PROVIDED MATERIAL —
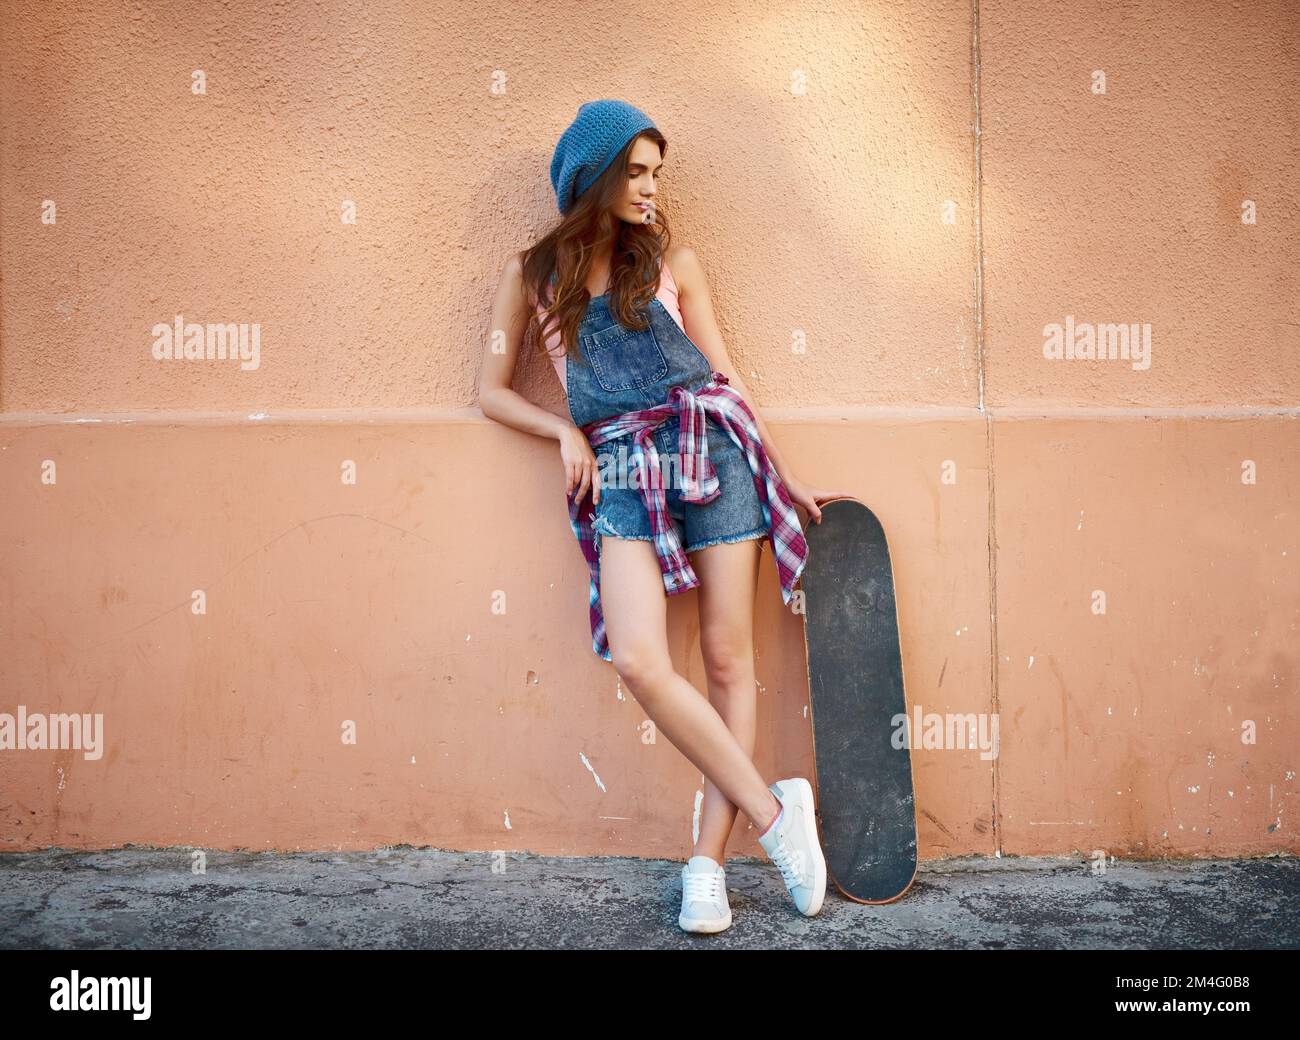 Le skateboarder et sa planche. une jeune femme insouciante debout avec son skateboard sur fond orange. Banque D'Images
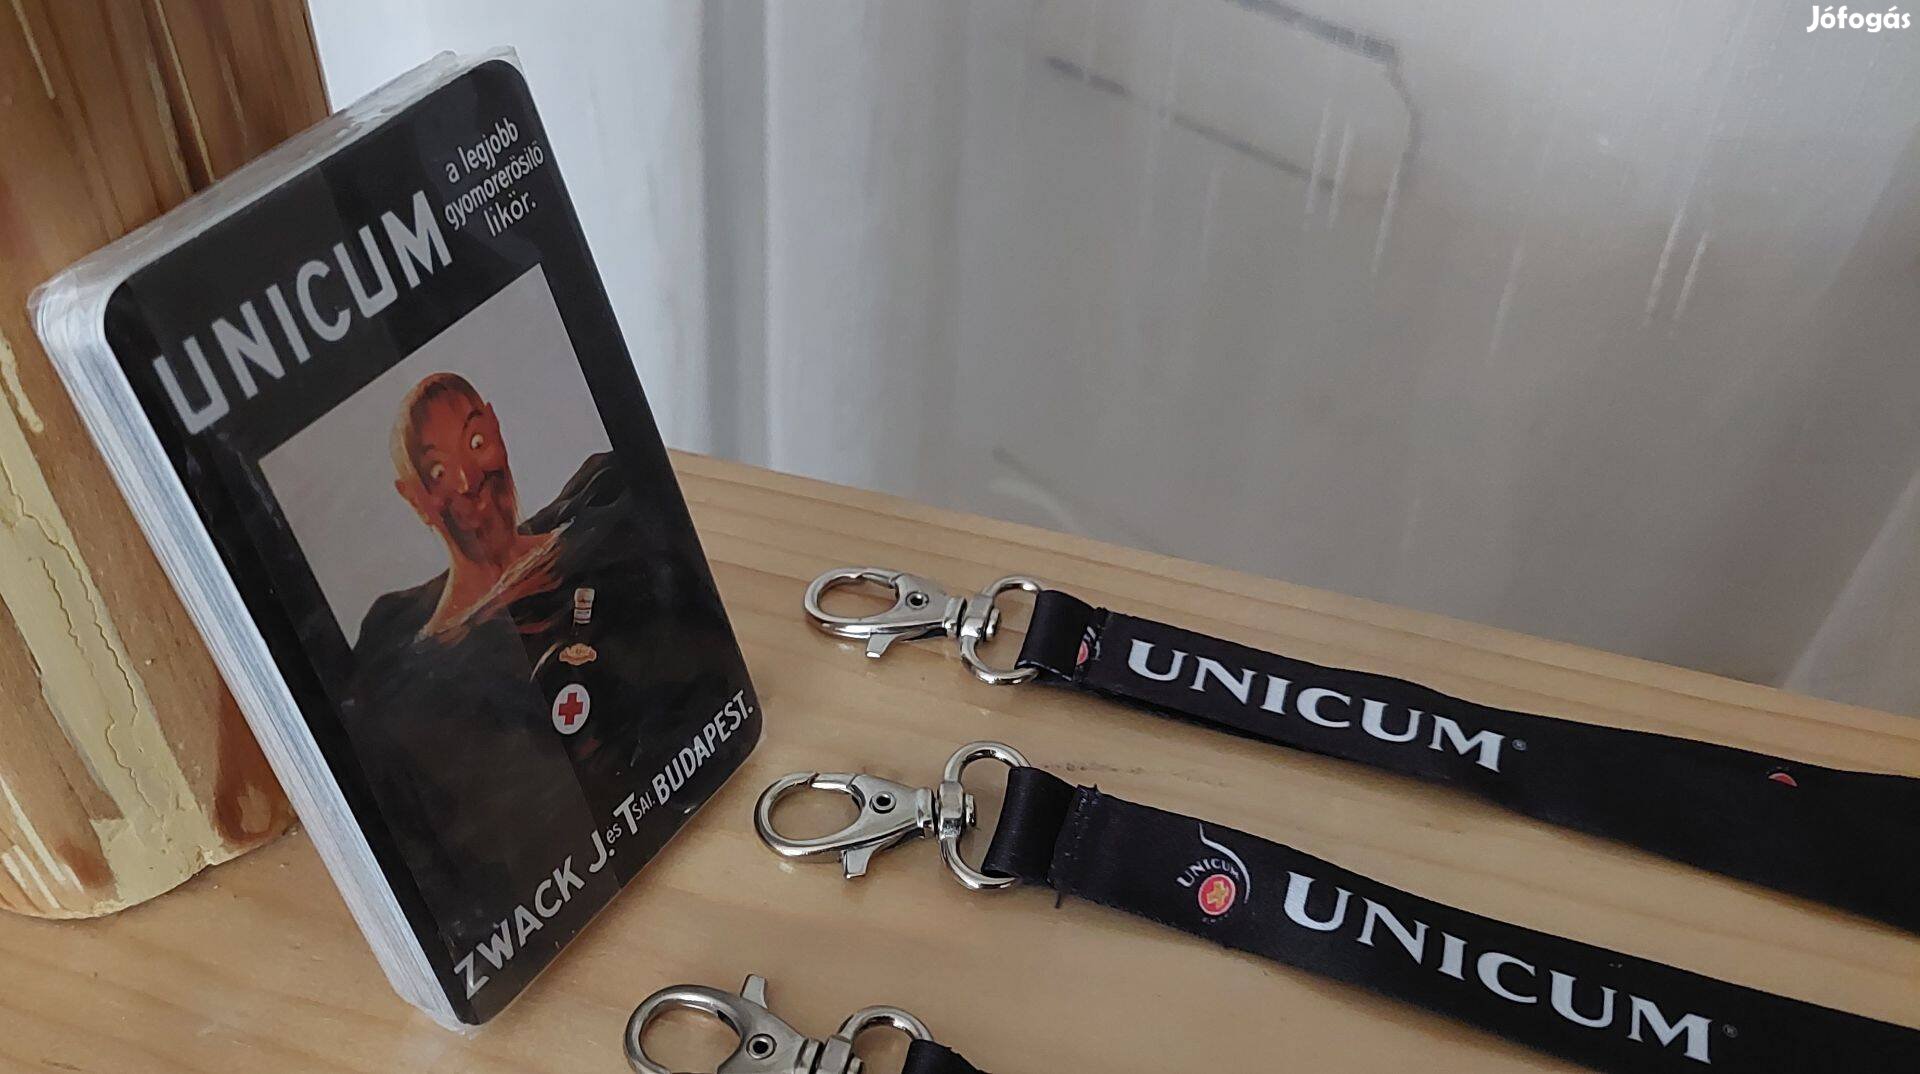 Unicum Unikum kártya normál kártya méret
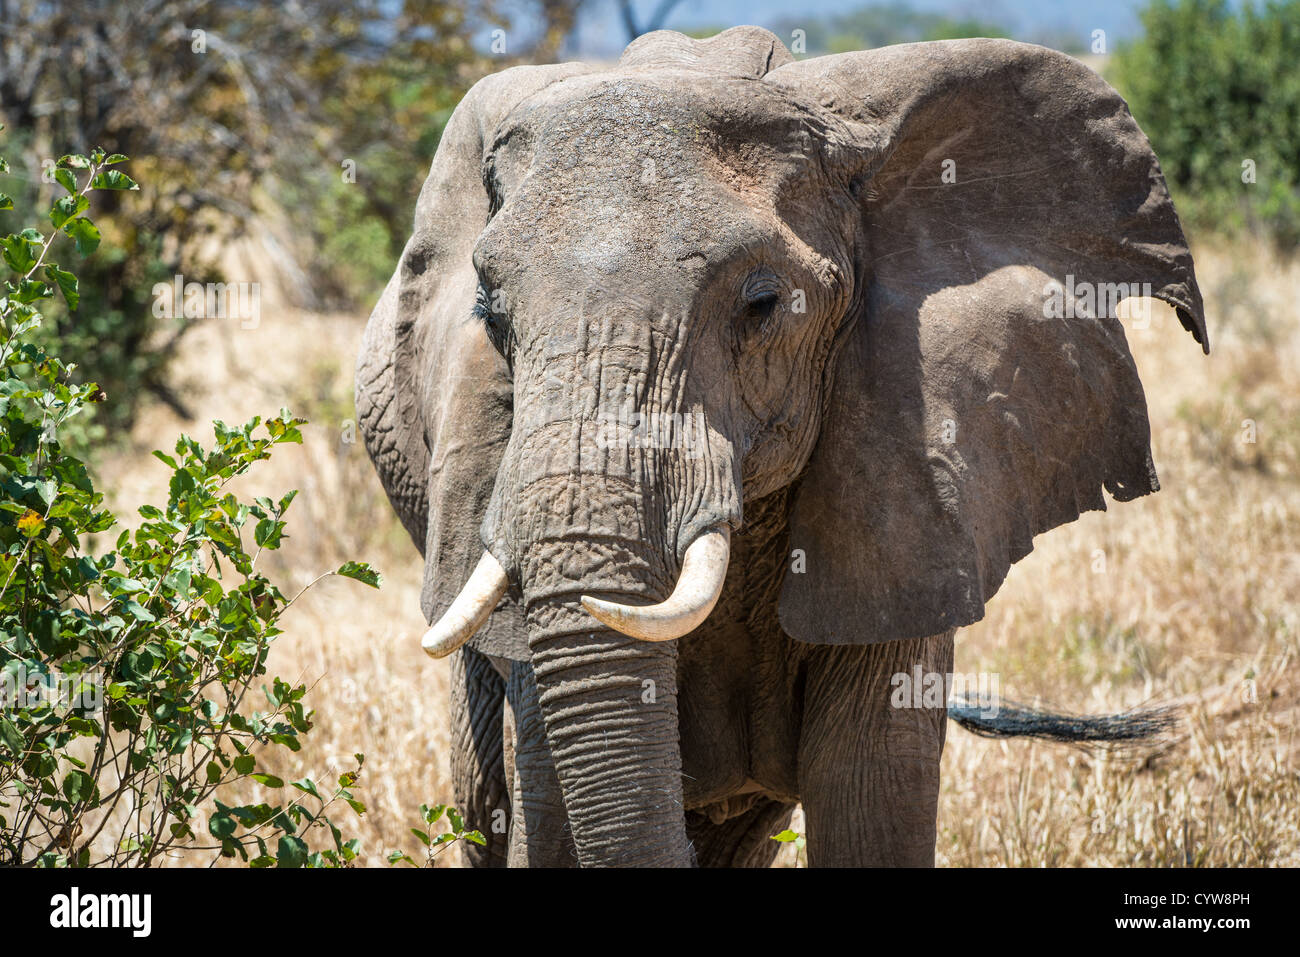 Der Tarangire National Park, Tansania - Ein erwachsener Elefant in der Tarangire National Park im Norden von Tansania, nicht weit von den Ngorongoro Krater und die Serengeti. Stockfoto
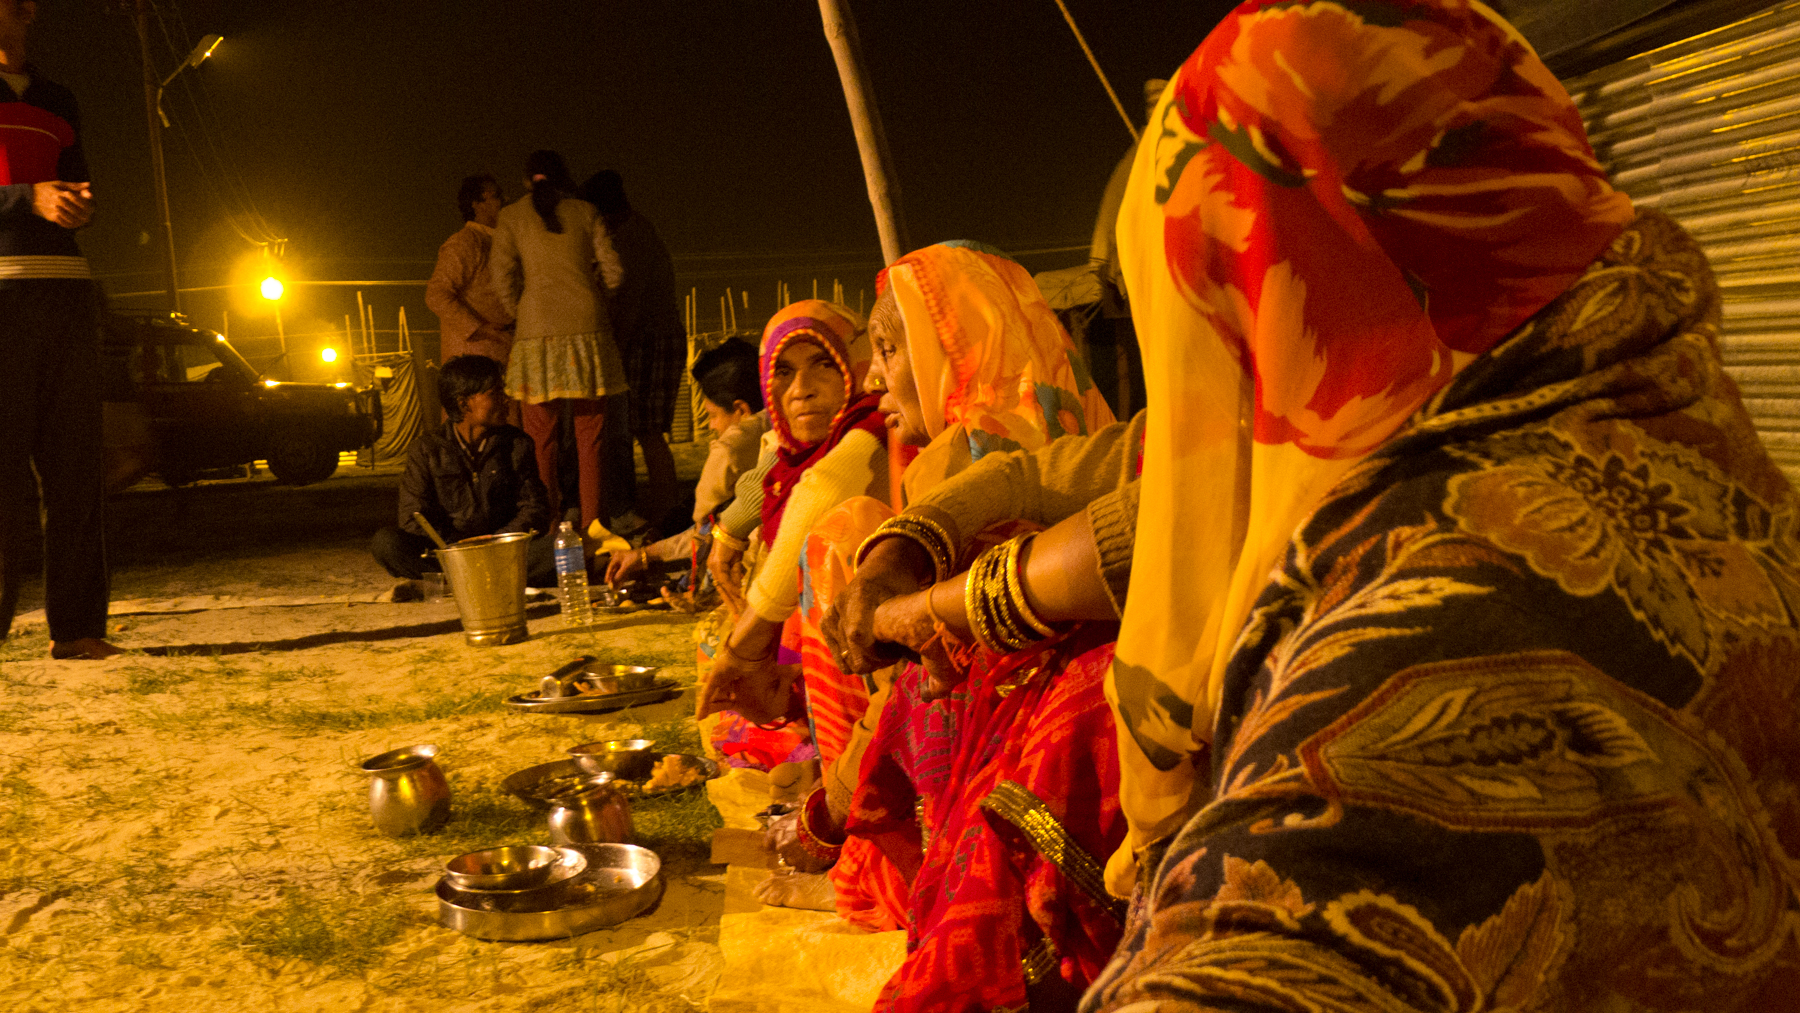 Le repas du soir, en commun, avec nos hôtes de Bundi. On mange par terre tandis que d'autres font le service.
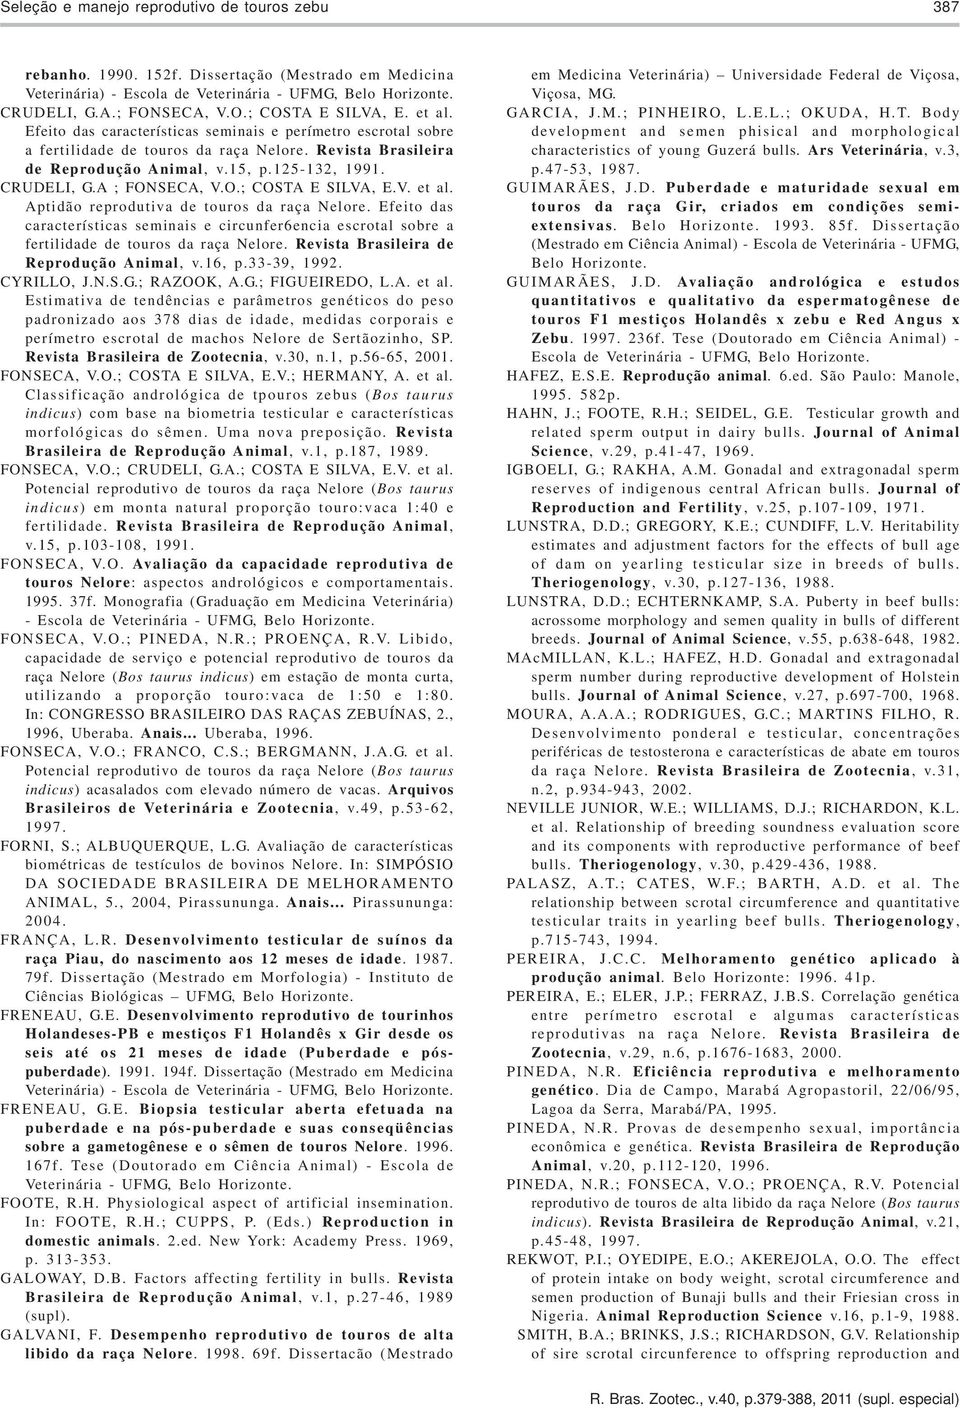 125-132, 1991. CRUDELI, G.A ; FONSECA, V.O.; COSTA E SILVA, E.V. et al. Aptidão reprodutiva de touros da raça Nelore.

WHAT YOU WILL DO —
Copy every record exactly as written, leaving out the pictures.

SOLUTION FOR THIS EXERCISE —
 Le skateboarder et sa planche. une jeune femme insouciante debout avec son skateboard sur fond orange. Banque D'Images
 Unicum Unikum kártya normál kártya méret
 Der Tarangire National Park, Tansania - Ein erwachsener Elefant in der Tarangire National Park im Norden von Tansania, nicht weit von den Ngorongoro Krater und die Serengeti. Stockfoto
 Le repas du soir, en commun, avec nos hôtes de Bundi. On mange par terre tandis que d'autres font le service.
 125-132, 1991. CRUDELI, G.A ; FONSECA, V.O.; COSTA E SILVA, E.V. et al. Aptidão reprodutiva de touros da raça Nelore.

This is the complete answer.